In some embodiments, the numbers expressing quantities of ingredients, properties such as concentration, reaction conditions, and so forth, used to describe and claim certain embodiments of the invention are to be understood as being modified in some instances by the term “about.” Accordingly, in some embodiments, the numerical parameters set forth in the written description and attached claims are approximations that can vary depending upon the desired properties sought to be obtained by a particular embodiment. In some embodiments, the numerical parameters should be construed in light of the number of reported significant digits and by applying ordinary rounding techniques. Notwithstanding that the numerical ranges and parameters setting forth the broad scope of some embodiments of the invention are approximations, the numerical values set forth in the specific examples are reported as precisely as practicable. The numerical values presented in some embodiments of the invention may contain certain errors necessarily resulting from the standard deviation found in their respective testing measurements. Moreover, and unless the context dictates the contrary, all ranges set forth in this application should be interpreted as being inclusive of their endpoints and open-ended ranges should be interpreted to include only commercially practical values. Similarly, all lists of values should be considered as inclusive of intermediate values unless the context indicates the contrary.

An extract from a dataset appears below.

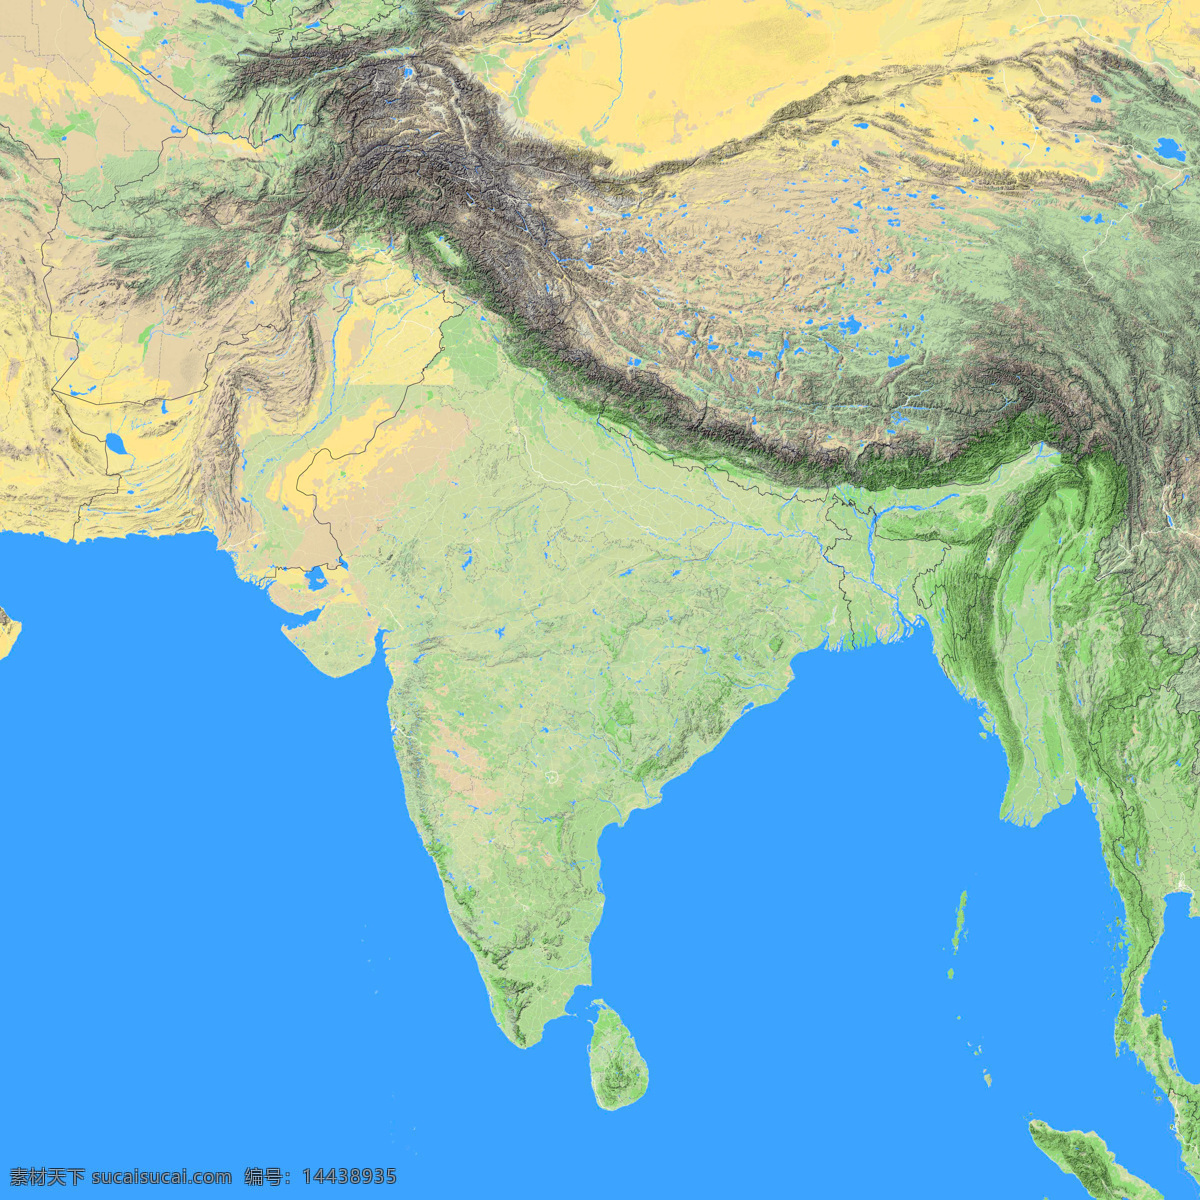 印度地形图 印度 南亚 喜马拉雅 地形图 亚洲 欧洲 非洲 美洲 澳洲 南极洲 上帝之眼 卫星图 俯视图 nasa 地中海 海洋 山地 西西里岛 撒丁岛 阿尔卑斯山 南欧 东欧 地球 自然景观 自然风景

It should be noted that any language directed to a computer should be read to include any suitable combination of computing devices, including servers, interfaces, systems, databases, agents, peers, Engines, controllers, or other types of computing devices operating individually or collectively. One should appreciate the computing devices comprise a processor configured to execute software instructions stored on a tangible, non-transitory computer readable storage medium (e.g., hard drive, solid state drive, RAM, flash, ROM, etc.). The software instructions preferably configure the computing device to provide the roles, responsibilities, or other functionality as discussed below with respect to the disclosed apparatus. In especially preferred embodiments, the various servers, systems, databases, or interfaces exchange data using standardized protocols or algorithms, possibly based on HTTP, HTTPS, AES, public-private key exchanges, web service APIs, known financial transaction protocols, or other electronic information exchanging methods. Data exchanges preferably are conducted over a packet-switched network, the Internet, LAN, WAN, VPN, or other type of packet switched network. The following description includes information that may be useful in understanding the present invention. It is not an admission that any of the information provided in this application is prior art or relevant to the presently claimed invention, or that any publication specifically or implicitly referenced is prior art.

Embodiments of the inventive subject matter can be incorporated into hatches on boats and other watercraft. Although the examples below can be interpreted as pertaining specifically to boats and other watercraft, the inventors specifically contemplate implementing embodiments into any manner of buildings, structures, equipment, mining facilities, aircraft, vessels, animal enclosures and vehicles that have opening doors or windows that could benefit from automated and electronic control. For example, in the context of a building, skylights in many homes are difficult to reach and would benefit from a system that allows for both remote control and for automated control based on, e.g., environmental conditions and user preferences. As such, in this application, the term “lid” without a modifier preceding it (e.g., “hatch lid”) should be interpreted to refer to a hinged cover of an opening, where that opening can be a door, a window, a hatch, etc.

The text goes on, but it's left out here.